Зимние наваждения (СИ)
Приподнялся на локте, заглянул в лицо спящей. Вильяра тихонько посапывала, подложив ладошку под щёку и не пробудилась от его взгляда, а лишь улыбнулась уголком губ. Знала, кто на неё смотрит, и была этому рада? Он вздохнул, откидываясь обратно на подушку: рваная аура и осунувшееся лицо в отблесках склянки со светляками — мало вдохновляющее зрелище. Да, Ромига не любитель умирающей красоты: всех этих чахоточных румянцев, прозрачной бледности, обведённых тёмными кругами печальных глаз. Когда он встречает такое, ему хочется это добить, исцелить или поскорее пройти мимо, других желаний оно не вызывает. Вильяра ему дорога, как никто другой вне дома Навь.
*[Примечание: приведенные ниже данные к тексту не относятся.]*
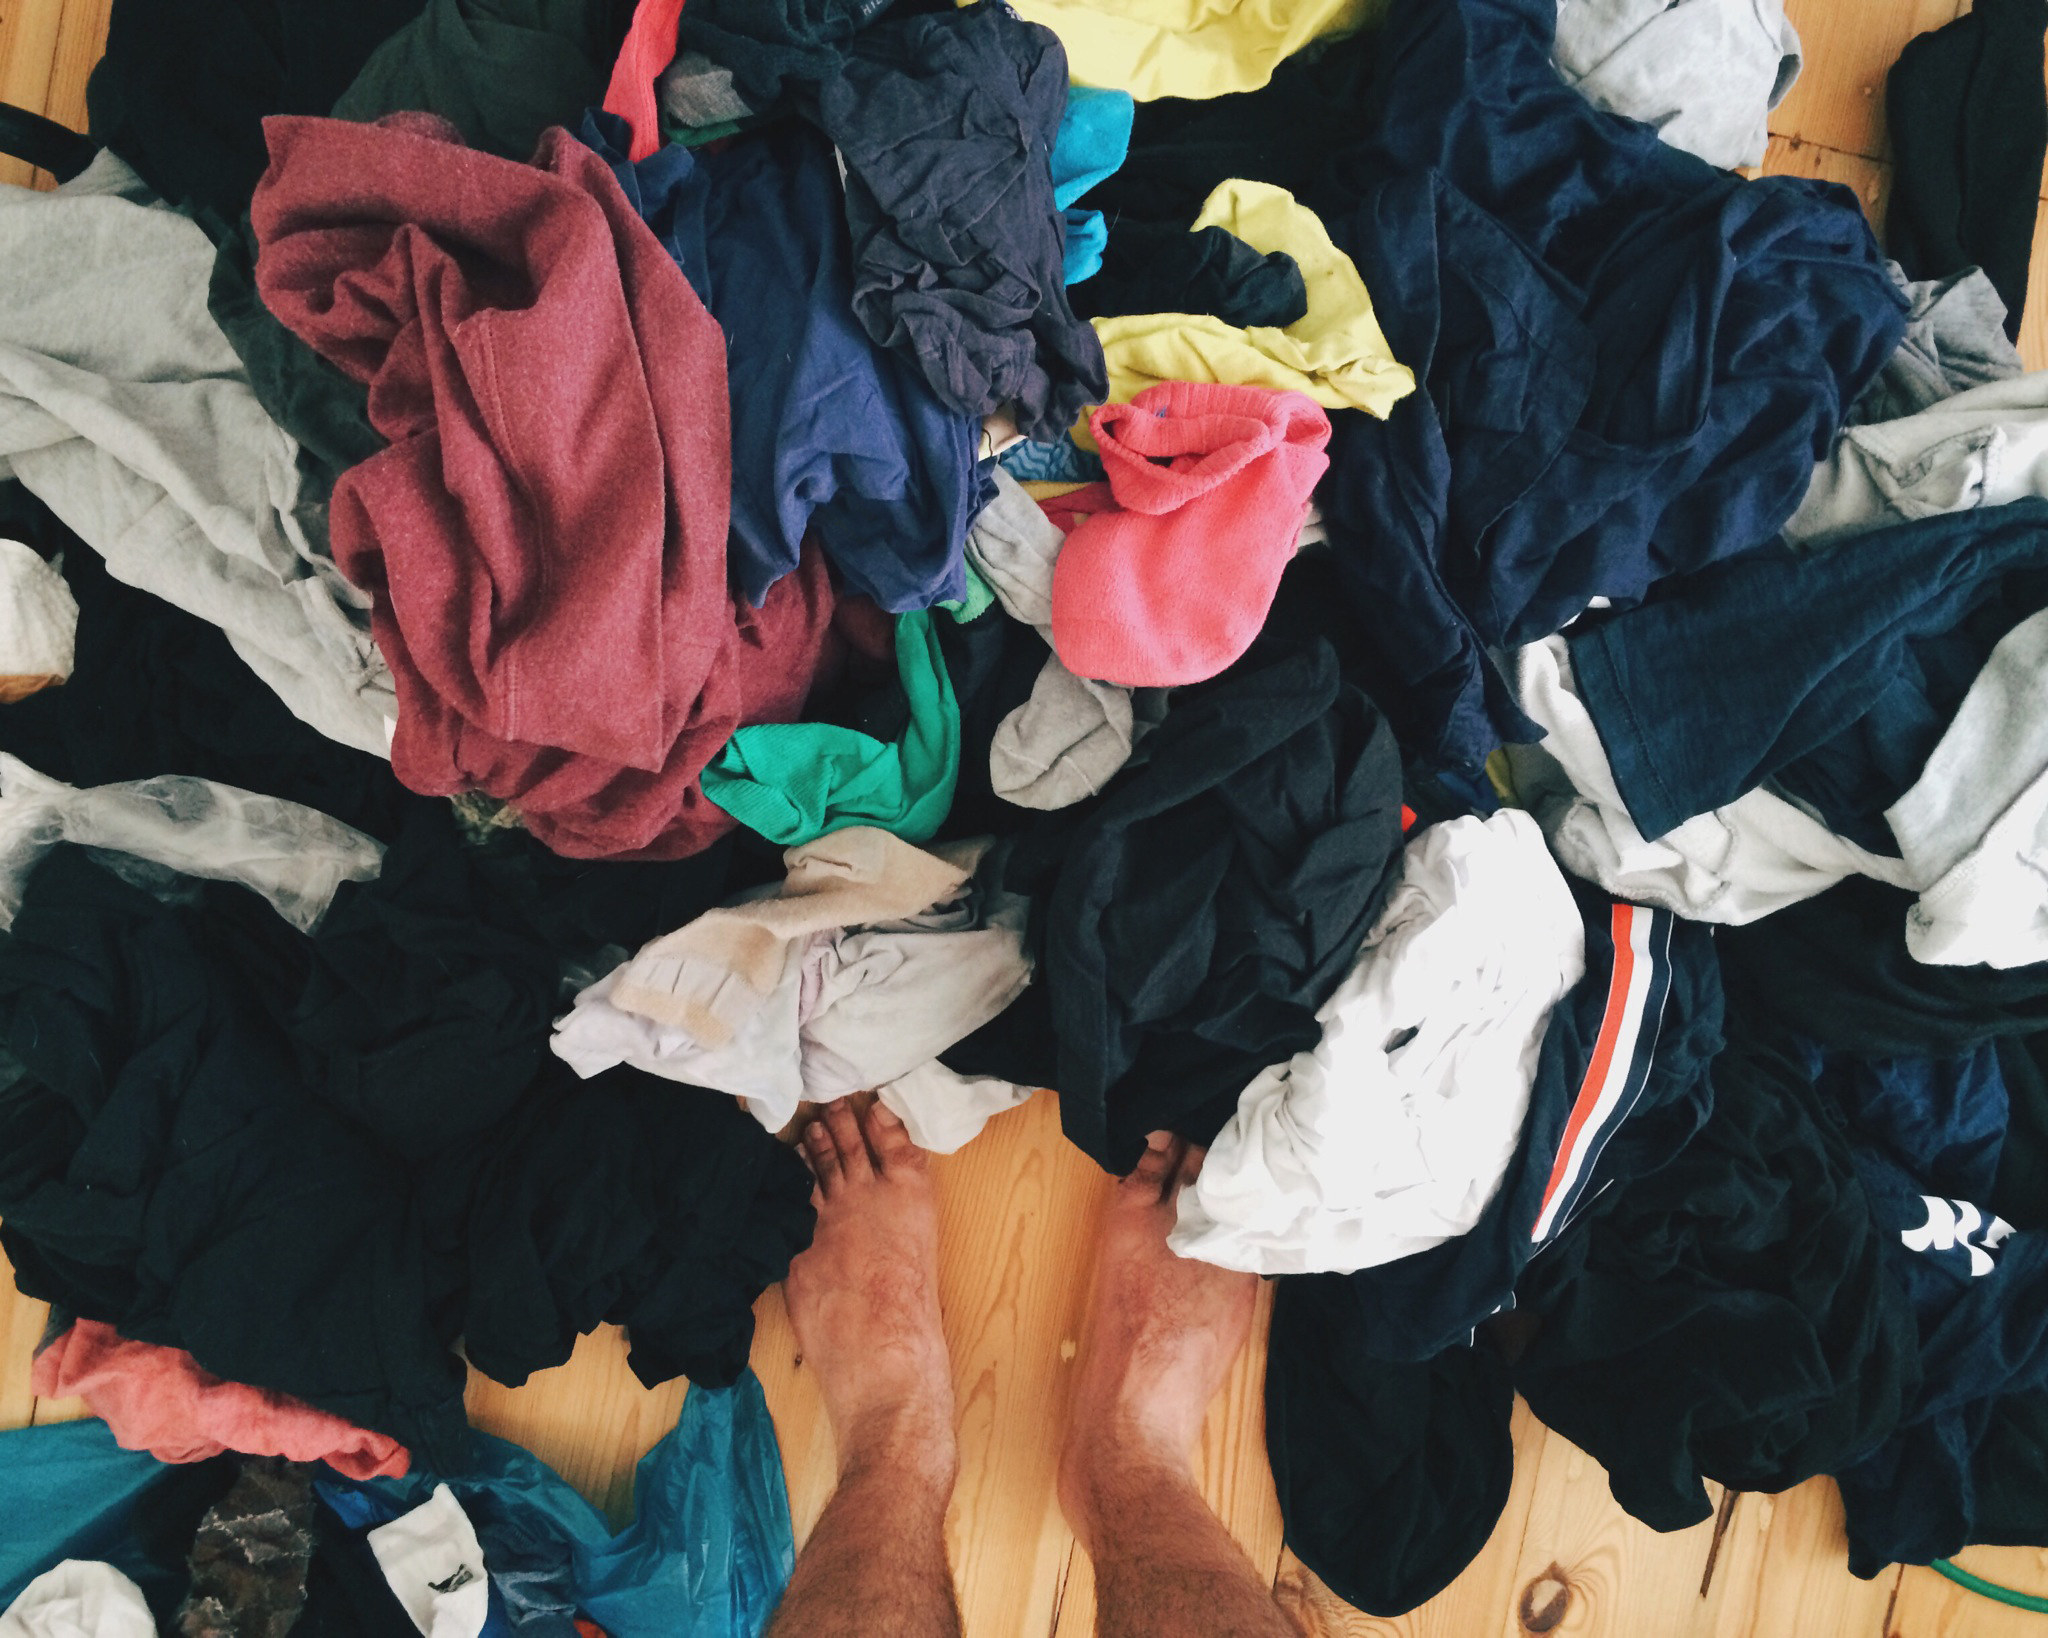 Standing above a messy pile of laundry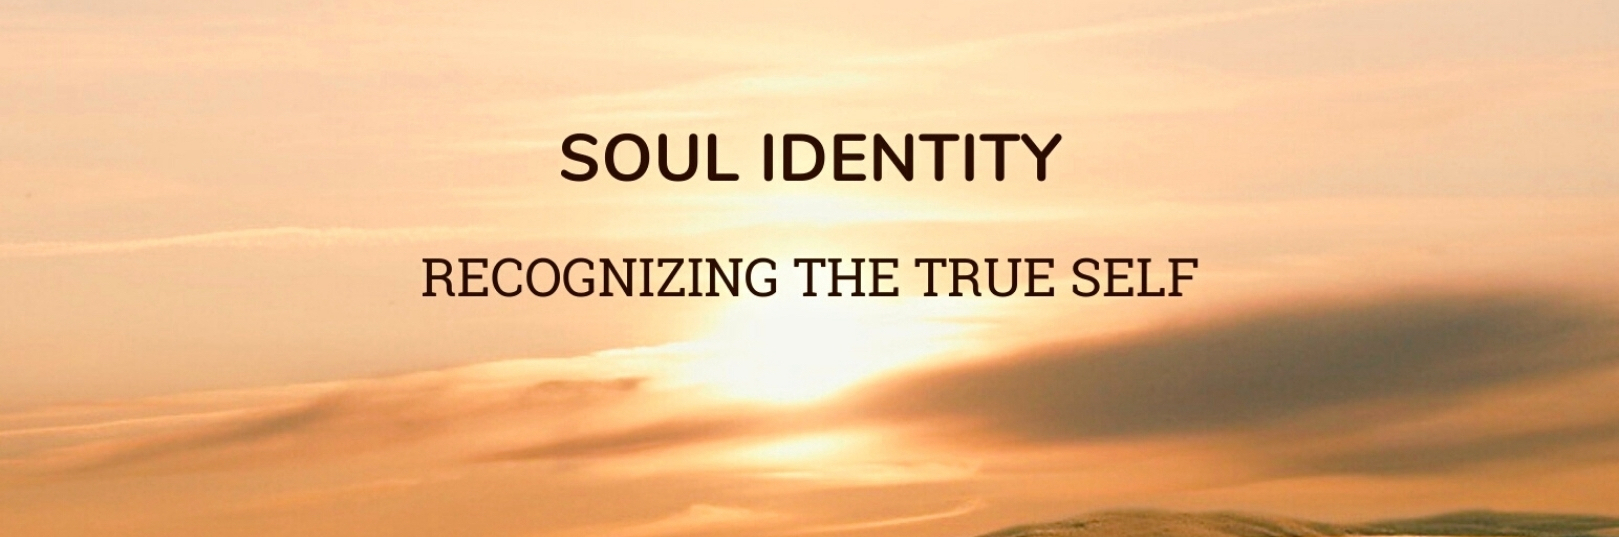 Soul Identity: Intro Goes Here

Потому её — исцелить. К тому же, она ему кое-что обещала.
***
Вильяра сквозь сон улыбнулась своему воину. Почуяла, что он вернулся — и дремлющим рассудком сразу поверила, что теперь с ними обоими всё будет хорошо. По крайней мере, с ними может быть хорошо. Может! Хотя бы, может.
Вернулся он битый, но не сильно: ничего такого, с чем не справился бы сам. А пока справлялся, с ним происходило… Вот прямо сейчас произошло нечто очень важное и правильное.
— Ромига? — наедине ей всегда хочется звать его настоящим именем. Сегодня захотелось, как никогда. — Где ты был?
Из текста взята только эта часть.